Your character has just arrived in a swampy, dim town. As they look around, their gaze is met with shacks and cabins. It smells of rotted wood and wet moss. They duck and step into a tattered tent, illuminated by a series of candles suspended in the air. At the back of the tent, an old hag raises her head, “What brings you to this dingy town? She begins, then pauses to study your face—”Ah, it’s you. I’ve been expecting you. Sit,” she gestures at a cushion, “Tell me your story.”
((How do you respond?))
Adam Pinetree lowers himself onto the wooden bench, his movements deliberate and quiet, as though habit has taught him not to draw attention unless he intends to. His hands rest on his knees, calloused from years of hauling nets and rowing against a river’s current.
“Adam Pinetree,” he says evenly. “Son of Rowan Pinetree, woodcutter by trade. He spent his life trimming timber, but his nights were for telling stories.”
Adam’s gaze drifts, softened by memory. “He’d speak of the river spirits, the old shapes beneath the water… but he also told tales of something greater—the Big Sea. A place so wide you can’t see the other side. A place where the creatures are older than memory and larger than anything the river could ever hide.”
He shifts his weight slightly, boots scraping the floor. “Folk around home treated those stories like entertainment, nothing more than campfire talk. But Father believed them. And I did too.”
A faint tension settles in Adam’s shoulders. “I took to the river early, hoping to glimpse something real—some sign the old tales weren’t just stories. But lately the river’s been… different. Tracks in the mud that don’t match anything living nearby. Wakes without boats. Something big moving under the surface long after the moon’s risen.”

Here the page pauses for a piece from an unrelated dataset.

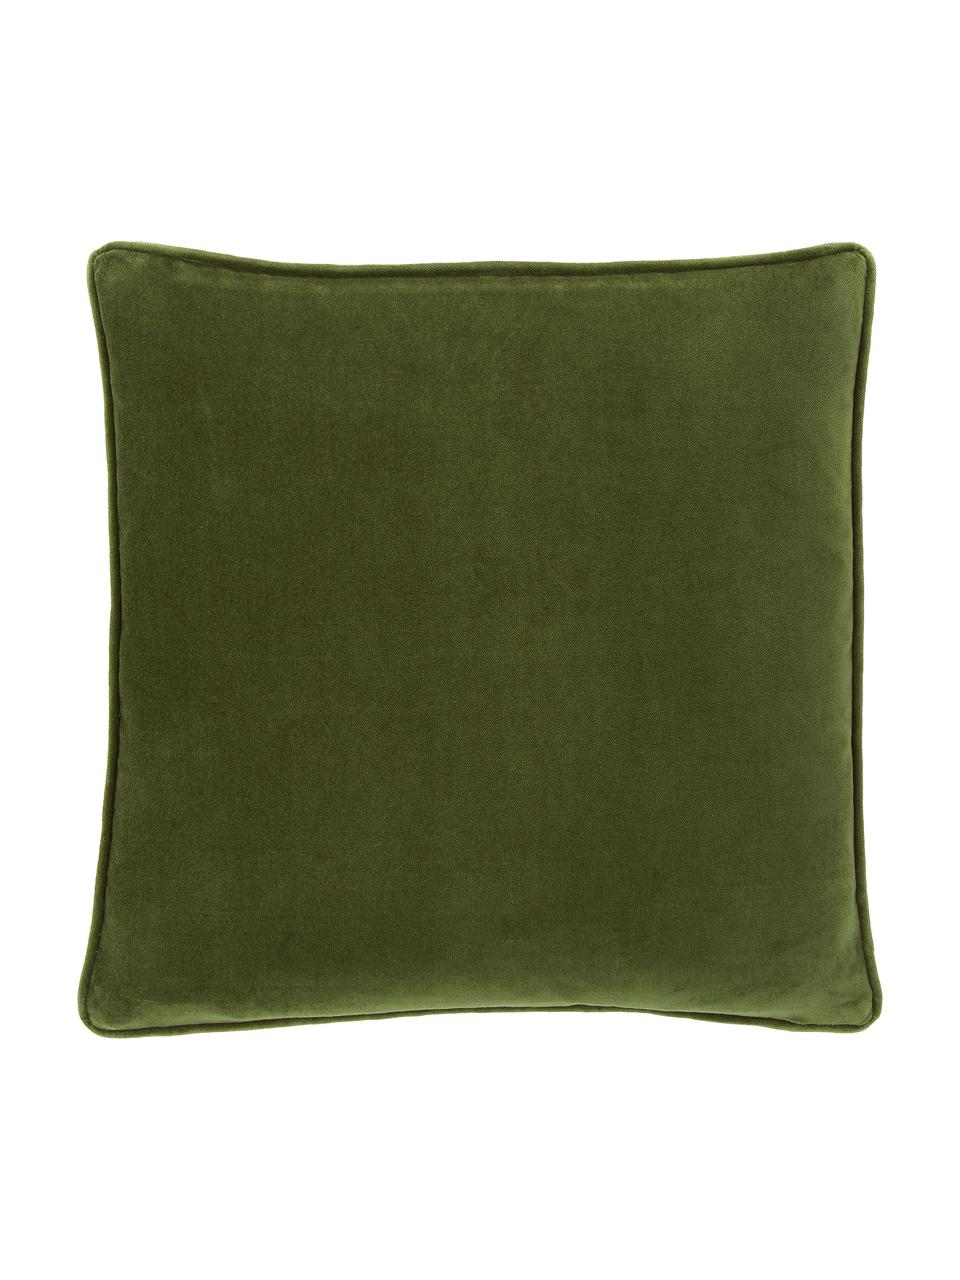 Einfarbige Samt-Kissenhülle Dana in Moosgrün, 100% Baumwollsamt, Moosgrün, B 50 x L 50 cm

His brows draw together, troubled yet resolute. “Those signs made one thing clear: if the river still holds remnants of the old creatures, then the sea—where the stories say they first came from—must hold even more.”
He lifts his chin slightly, his expression firm. “So I left home. Followed the disturbances downstream, each one leading me farther from the forests I knew. I want to reach the coast. I want to see the Big Sea for myself. And when I get there…” He pauses, a spark of determination in his eyes. “I mean to sail out and find what really lurks beneath its waters.”